Number of normalized sequences (per million) that were annotated within the 60 enzyme-encoding genes involved in transformation of lignin and its derived aromatic compounds. The top 16 ligninolytic enzyme-encoding genes that were significantly abundant (p ≤ 0.05) in WS1-M, CS-M, or SG-M are shown at the bottom. Statistical differences in gene abundance within each consortium are indicated with lowercase letters (ANOVA, p ≤ 0.05). vanB (vanillate monooxygenase, in bold) was significant abundant only in WS1-M, whereas aryl-alcohol dehydrogenase (in bold) was significant abundant only in CS-M

Fig. 3
figure 3

Heat map of normalized abundance values (Row Z score) obtained using the number of sequences annotated within the 60 enzyme-encoding genes involved in transformation of lignin and its derived aromatic compounds in each microbial consortium. Genes differentially and significantly enriched (padj-value ≤ 0.05, Wald test; and Log2 FC ≥ 1) in WS1-M, CS-M, and/or SG-M compared with FS1 are labeled in blue

Unfortunately, multicopper oxidases and dye-decolorizing peroxidases (DyPs) (e.g., K15733; EC, 1.11.1.19) involved in bacterial lignin oxidation processes were not identified in the metagenomic annotation, suggesting a low copy numbers within bacterial genomes and/or due to the relative low number of representative sequences available in the KEGG database. In fact, only three genes encoding for DyPs have been found in P. fluorescens [46], and around 100 DyPs sequences from bacterial origin are available in a specialized database (http://peroxibase.toulouse.inra.fr/) [14]. As was mentioned, the extracellular depolymerization of lignin releases a mixture of aromatic monomers that can be converted into metabolic intermediates via catechol and protocatechuate pathways.
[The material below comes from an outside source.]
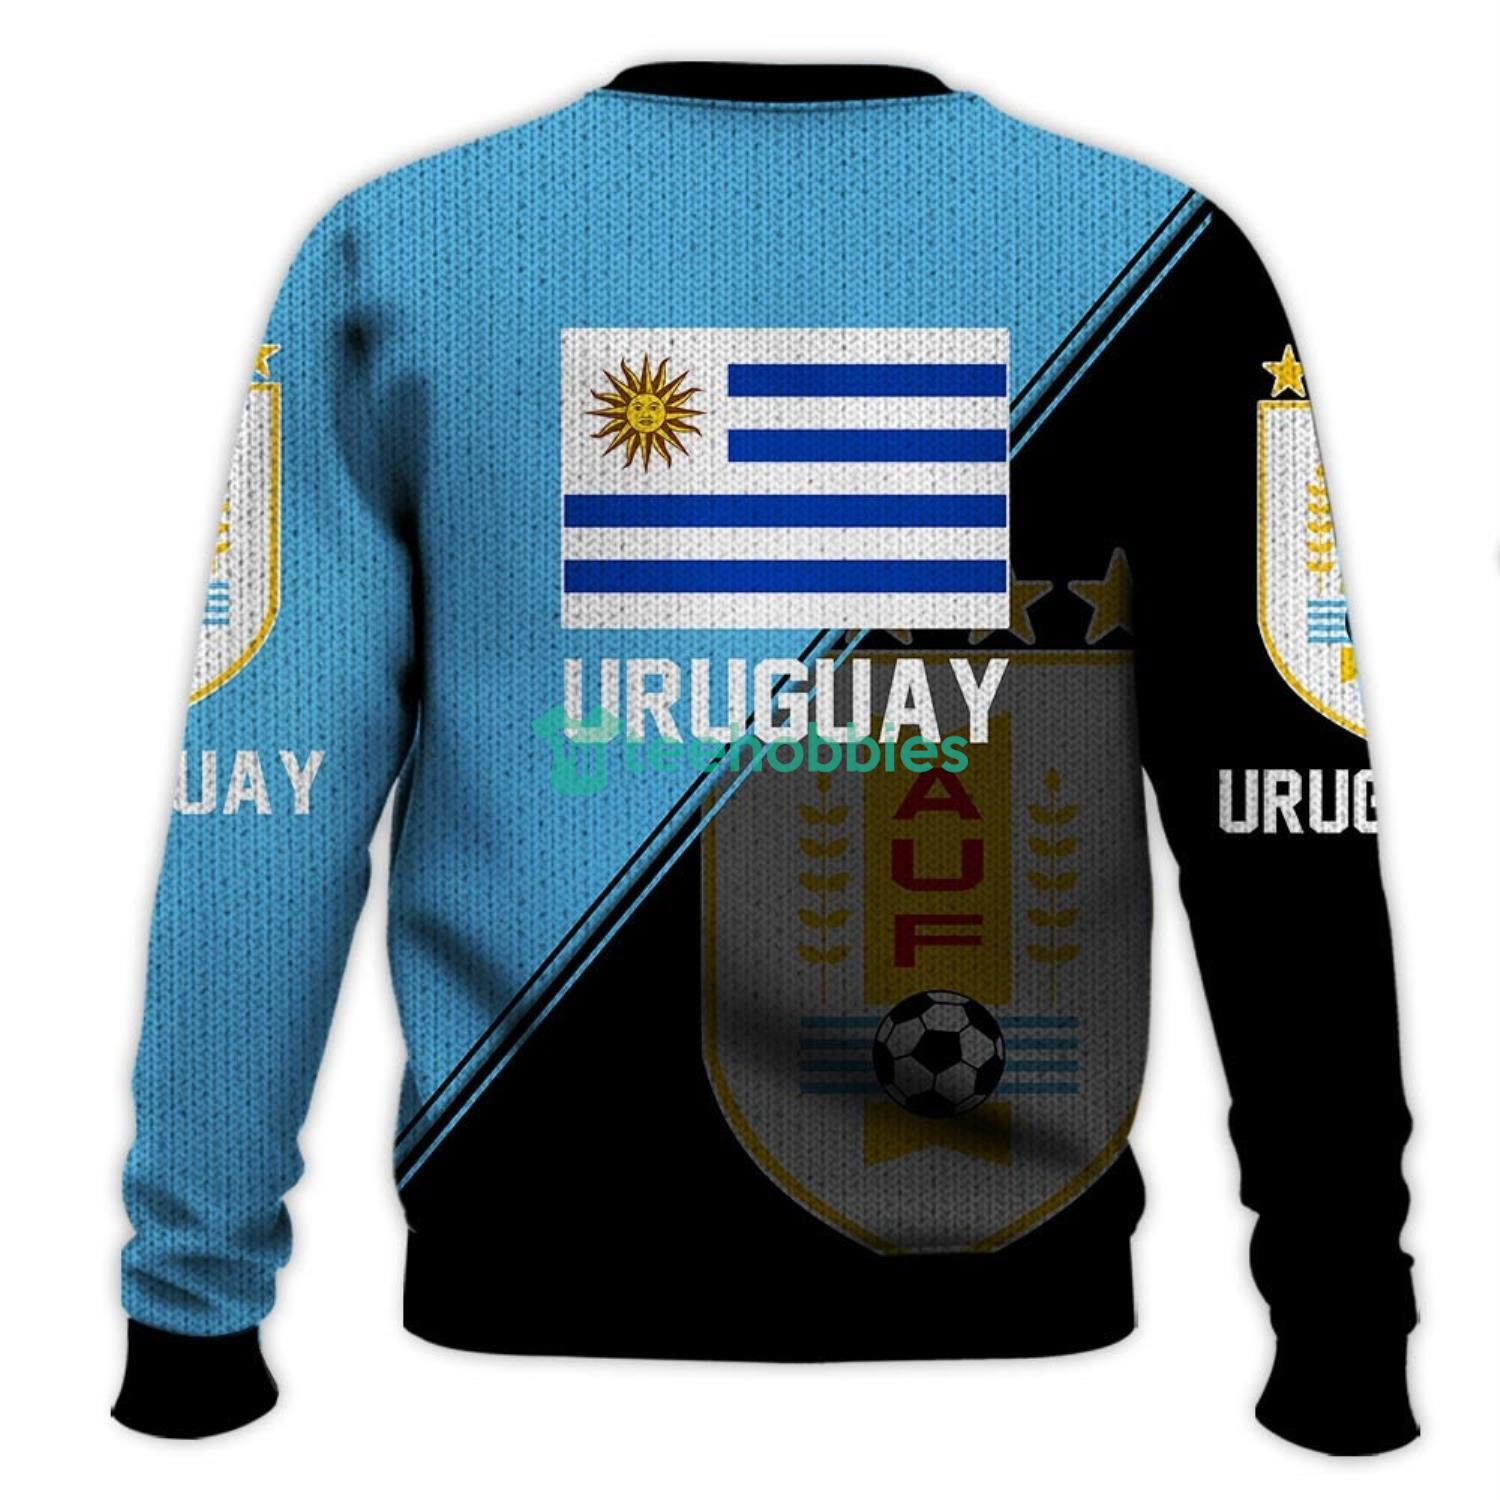 Uruguay National Soccer Team Qatar World Cup 2022 Champions Soccer Team 3D All Over Printed Shirt Product Photo 3

These routes can be divided in three blocks: (1) the branch of catechol intermediate (ortho-cleavage), which involves the following enzyme-encoding genes: catA, catB, and catC; (2) the branch of protocatechuate (meta-cleavage), which involves pcaG, pcaH, pcaB, and pcaC; and finally, (3) the reactions common for both branches, catalyzed by pcaD, pcaI, pcaJ, and pcaF [11, 18]. In this regard, we found that the metagenomes from the consortia 10-RWS and 10-TWS contained a high abundance of pca genes (e.g., pcaBCGHIJ) compared with the other consortia (Fig. 3), suggesting a high proportion of low molecular weight aromatic compounds in these systems. These microbial consortia were cultivated on untreated and heat-treated wheat straw [22], where lignin proportion is higher, but probably with lower recalcitrance compared with substrates used on the selection of WS1-M, SG-M, and CS-M. In a recent proteomic-based study, Park et al. [47] demonstrated that P. putida KT2440 significant induces the production of pca-derived proteins after growth on plant-derived lignolysate.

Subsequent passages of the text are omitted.